Agaguk, rivé au sol, complètement immobile, mais le fusil bien en joue, attendit que l'animal vint encore plus près. Bientôt l'odeur en fut si forte qu'il en ressentit de la nausée. Et ce n'était plus une tache, mais la forme bien identifiée d'un loup rampant sur le ventre. Lui aussi à l'affût de sa proie, cherchant à retrouver la silhouette d'Agaguk maintenant écrasée sur le sol, comme fondue dans la nuit.

L'homme en face de la bête, deux ruses s'affrontant.

Si le loup venait assez proche, Agaguk lâcherait le coup, la balle tuerait l'animal.

Et s'il le manquait?

Une hélée de distance. Puis la distance d'un lancer, et finalement cent pas, cinquante... Le loup était presque à portée de la main. Seulement, il se dirigeait droit sur Agaguk, une cible étroite, difficile à déterminer dans le noir.

Agaguk colla l'œil sur la mire, la bête bien en joue contre le soleil de minuit à l'horizon.

Dix pas. C'était alors le temps ou jamais. Tout dépendait d'un geste, la pression rapide sur la gâchette, le coup, la balle... L'instant d'une seconde, et moins encore. Un destin fixé. La mort du loup? La mort de l'homme?

Agaguk pressa la détente.

La balle fut un ouragan qui jaillit du canon. Mais elle ne tua pas le loup. Elle ne fit que l'égratigner au passage. Il roula par terre et se retrouva dix pas plus loin. Il fut aussitôt sur ses pattes.

Agaguk était debout aussi, son couteau au poing.

Le loup bondit.

Une masse fantomatique, sorte de bolide lancé des airs, s'abattait sur Agaguk. L'homme et la bête basculaient dans le noir. La gueule du loup s'ouvrait, baveuse de rage, et mordait avec un grondement diabolique l'être qui se débattait furieusement entre ses pattes.
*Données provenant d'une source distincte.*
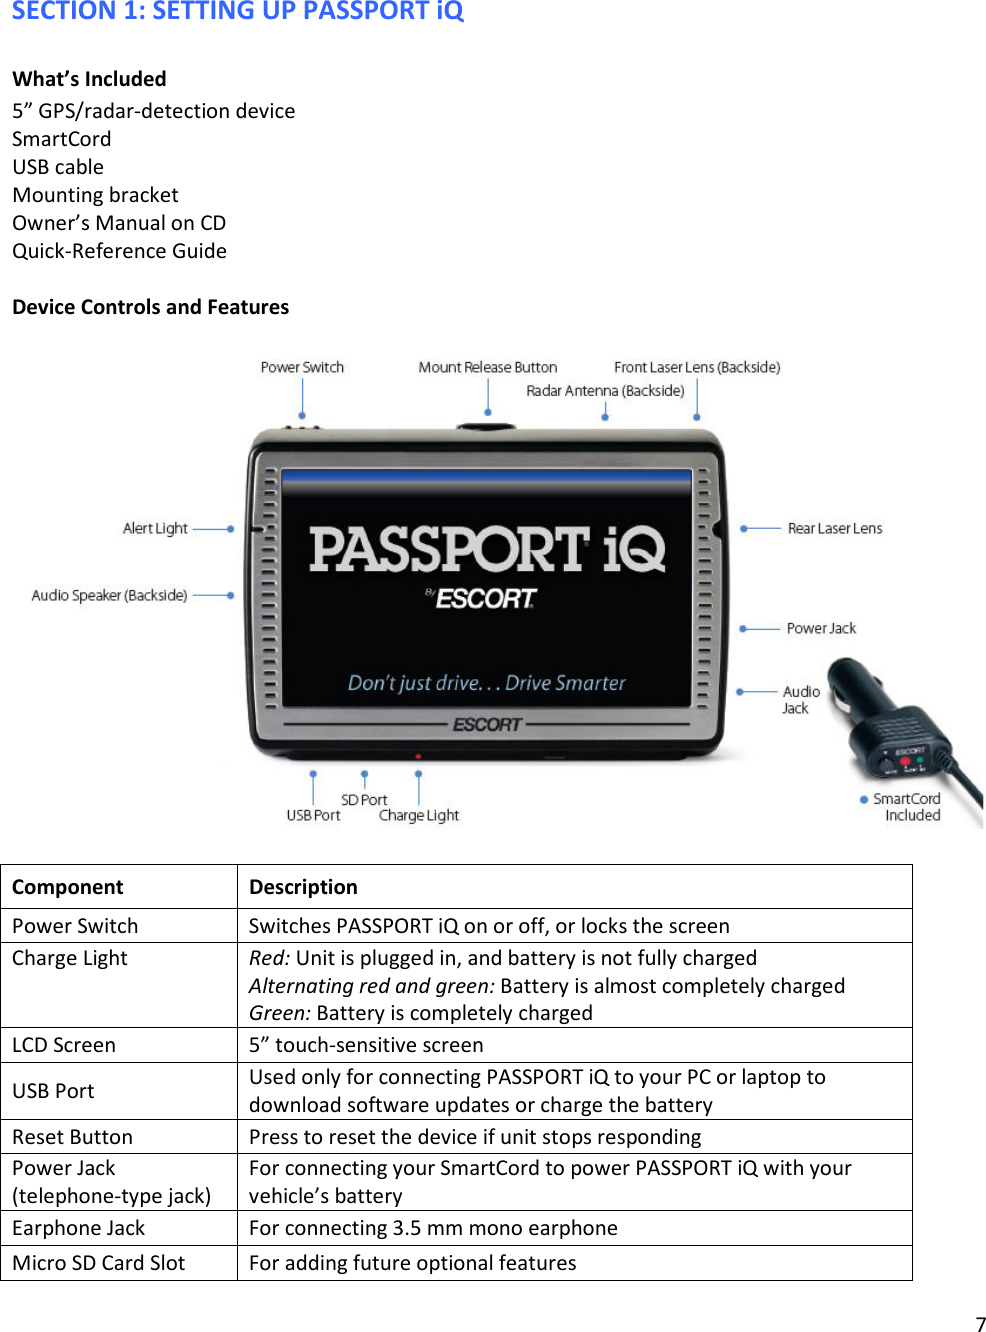 7  SECTION 1: SETTING UP PASSPORT iQ  What’s Included 5” GPS/radar-detection device  SmartCord  USB cable  Mounting bracket  Owner’s Manual on CD Quick-Reference Guide  Device Controls and Features    Component   Description  Power Switch  Switches PASSPORT iQ on or off, or locks the screen Charge Light Red: Unit is plugged in, and battery is not fully charged Alternating red and green: Battery is almost completely charged Green: Battery is completely charged LCD Screen   5” touch-sensitive screen  USB Port  Used only for connecting PASSPORT iQ to your PC or laptop to download software updates or charge the battery Reset Button   Press to reset the device if unit stops responding Power Jack (telephone-type jack) For connecting your SmartCord to power PASSPORT iQ with your vehicle’s battery Earphone Jack  For connecting 3.5 mm mono earphone Micro SD Card Slot  For adding future optional features

C'était entre les deux une lutte horrible, une gymnastique macabre. À chaque gueulée de la bête, le cri de l'homme s'enflait en vrille et crevait la nuit. Le loup en furie l'agrippait, le labourant à grands coups de griffes, puis l'homme saisissant la seconde propice - celle où l'animal s'arc-boutait pour foncer à nouveau - repliait son bras pour plonger le couteau dans le cuir de la bête. Alors celle-ci s'esquivait, mais pour bondir de nouveau sur l'homme qui se raidissait contre la torture.

De grands lambeaux de chair pendaient entre les dents de l'animal.

Un combat terrible, mêlé de cris et de rugissements où, tour à tour, l'homme et la bête, égaux en puissance ou en fureur, dominaient. Soudain la lame du couteau brilla. Le poing partit comme une flèche, s'abattit. Une fois, une autre et une autre fois encore.

Agaguk avait, dans la bouche, un goût sucré de sang qui lui redonnait des nerfs et de la poigne. Maintenant, à cheval sur le loup qui se démenait en hurlant, il frappait à tour de bras, toute vigueur retrouvée, toute douleur assoupie.

Puis il se releva, passa le bras sur sa figure ensanglantée et mesura en lui les forces restantes.

Le loup blanc, éventré, gisait à ses pieds.

Agaguk défit la corde qui lui servait de ceinture, en noua une extrémité autour des pattes d'arrière du loup, s'attela au fardeau et le traîna sur la toundra.